Com 148 metros de comprimento e peso de 4.000 toneladas — massa equivalente a quase 700 ônibus urbanos —, a estrutura industrial exigiu um poço de lançamento com mais de 30 metros de profundidade. O equipamento conta com sistema de escavação inteligente e vedação de alta pressão hídrica, tecnologia necessária para suportar a carga de bilhões de toneladas de água do rio.

A complexidade do projeto é evidenciada pelo cruzamento de seis falhas geológicas ao longo do percurso. Para mitigar riscos de colapso, a obra utiliza anéis de concreto pré-fabricado com quase 15 metros de diâmetro, instalados em poucas horas logo atrás do cabeçote, garantindo a estrutura definitiva enquanto a escavação progride. A Linghang já superou a marca de 10.000 metros escavados sob o Yangtze.

A linha ferroviária integra Xangai a Chengdu, atravessando as províncias de Jiangsu, Anhui, Hubei e a cidade de Chongqing, abrangendo quatro fusos econômicos da China continental. O impacto logístico reduzirá o tempo de viagem entre Xangai e Chengdu de mais de 12 horas para cerca de 6,7 horas, permitindo deslocamentos de ida e volta no mesmo dia. No trecho Xangai-Chongqing, a viagem cairá para 5,3 horas, representando uma redução de 50% no tempo de transporte em uma das principais ligações leste-oeste do país, facilitando o fluxo de passageiros e cargas do polo costeiro para o interior.

O modelo de execução chinês, baseado em planejamento centralizado, contratos turn-key e padronização industrial, resultou em uma malha de alta velocidade superior a 50 mil km, o dobro da soma de todas as redes HSR do restante do mundo.

Esse cenário contrasta com a infraestrutura brasileira.
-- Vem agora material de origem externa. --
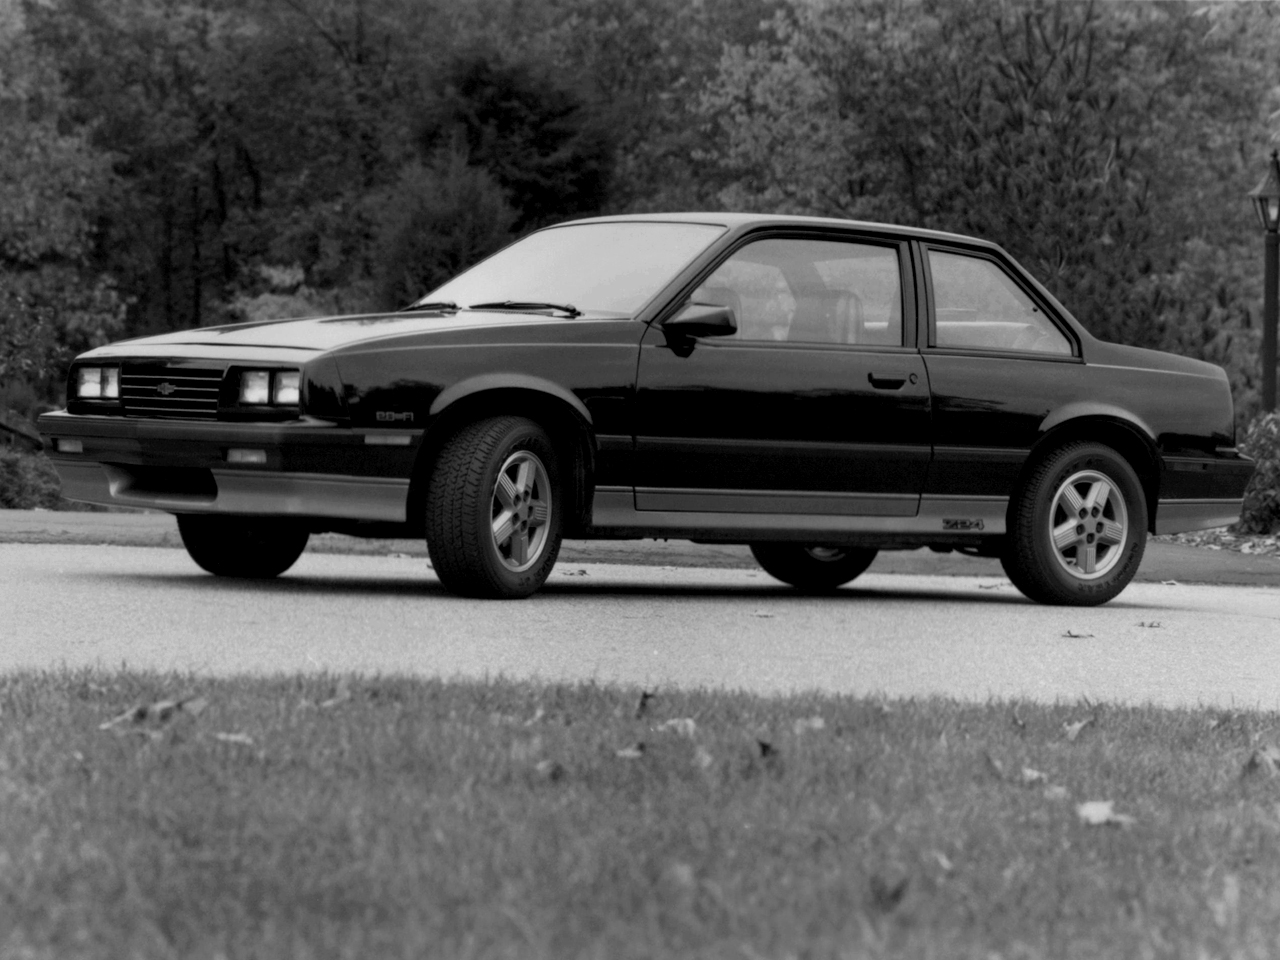 Chevrolet cavalier 1987 photo - 6

A Ferrogrão, que ligaria Sinop (MT) a Itaituba (PA) em 933 km para escoamento de grãos, está sem ordem de início de obra desde 2009. Paralelamente, o projeto do trem-bala Rio-São Paulo permanece em discussão legislativa desde os anos 2000, aguardando a definição do modelo de financiamento.

A operação comercial da nova linha chinesa está estimada para o período entre 2027 e 2028, dependendo dos testes de comissionamento do trecho subaquático e da instalação dos sistemas elétricos e de via permanente após a conclusão da escavação bruta.